Spanning decades and moving between post-war Japan, North Korea, and the American suburbs, Susan Choi’s Flashlight blends geopolitics with domestic literary fiction. A sudden disappearance forever changes the life of the Kang family. Serk Kang, earlier Seok, is a Korean immigrant living in post-war Japan. After suffering poverty and systemic discrimination for decades, Serk’s parents fall for propaganda and move to the Democratic People’s Republic of Korea, despite Serk’s pleas. Shortly after, Serk migrates to the US, where social alienation continues to follow him. There, he meets Anne, an American, whom he marries three years later. Anne, raised by her siblings, gave up her first child, Tobias, for adoption at the age of 19. The world has not been kind to both Anne or Serk. In their respective lives, they never fit in, and this convinces them that they may be a fit for each other. However, their marriage is troubled from the very beginning. Wrongly matched, they attempt to function as a family for the sake of their daughter, Louisa
Serk later moves his family to Japan, hoping to reunite with his parents, a motive he keeps secret from Anne and Louisa. Around this time, Anne begins to show early signs of multiple sclerosis, believed to be caused by the loneliness and alienation. She cannot speak Japanese and spends her days confined to their damp apartment.

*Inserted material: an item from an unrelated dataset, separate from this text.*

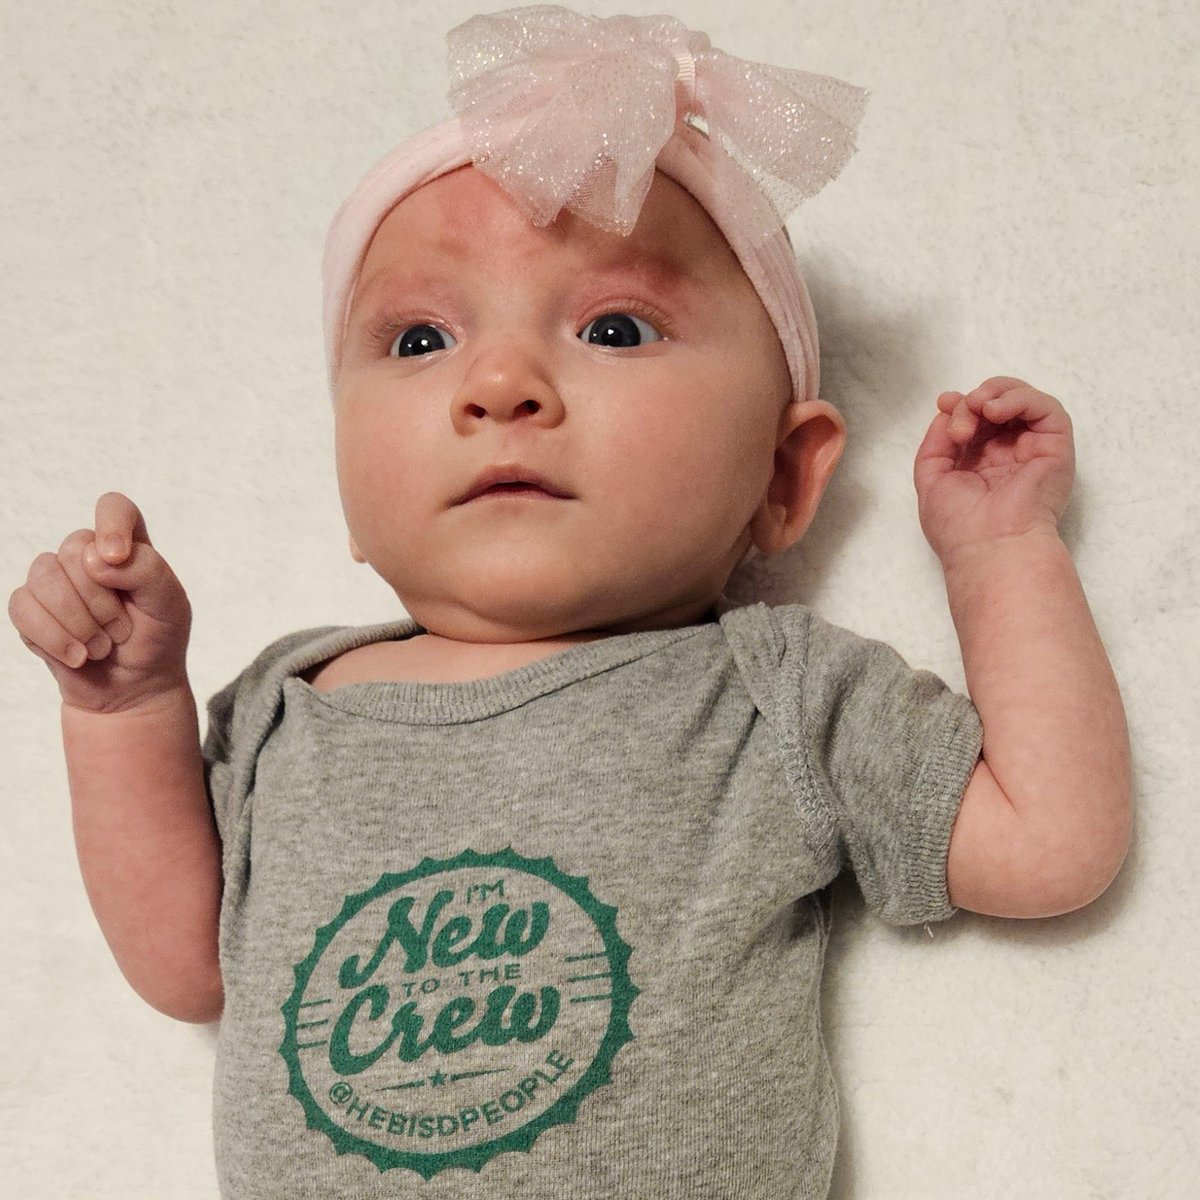 Huge congratulations to Lauren Highberg (teacher at Shady Brook Elementary) on the arrival of sweet baby Clara.🎉 Wishing you and your precious little one a lifetime of love, laughter, and beautiful moments. #newtothecrew #YourFamilyIsOurFamily @HEBISDpeople

Louisa is finally learning the ways of Japan when the Kang family suffers a life-altering event. In 1978, when Louisa is ten, Serk and Louisa take a walk on the jetty by the sea. Serk slips and falls. Louisa is later found grey and hypothermic. Serk is never found and is presumed dead. Anne and Louisa return to the US, their lives pulled in different directions, and decades pass before the devastating reality of what truly happened on the night of the disappearance slowly emerges.
Alternating between the viewpoints of Louisa, Anne, Serk, and occasionally Tobias, Choi brings into focus the secrets and misunderstandings that quietly demolish a family. Anne begins meeting Tobias weekly when he turns eighteen. Serk has secrets of his own. He maintains that he had no family before he met Anne, even as he regularly meets his sister in Japan. Louisa is caught between Anne and Serk, learning early how silence becomes a way of survival.
The symbol of the flashlight appears at the beginning, as Louisa recalls fragments from the night Serk disappeared. The flashlight reappears at different points in the narrative. It mirrors the novel’s structure: the reader sees only what the narrow beam allows. Choi reveals vivid details of a single day and then leaps across months and decades. Time speeds up and slows down. The reader is left to make sense of what remains unseen.
Flashlight is a story of family ties, anxieties, isolation, and lives fractured by geopolitical forces. Drawing strength from the unsaid and the unseen, the novel lingers long after it ends.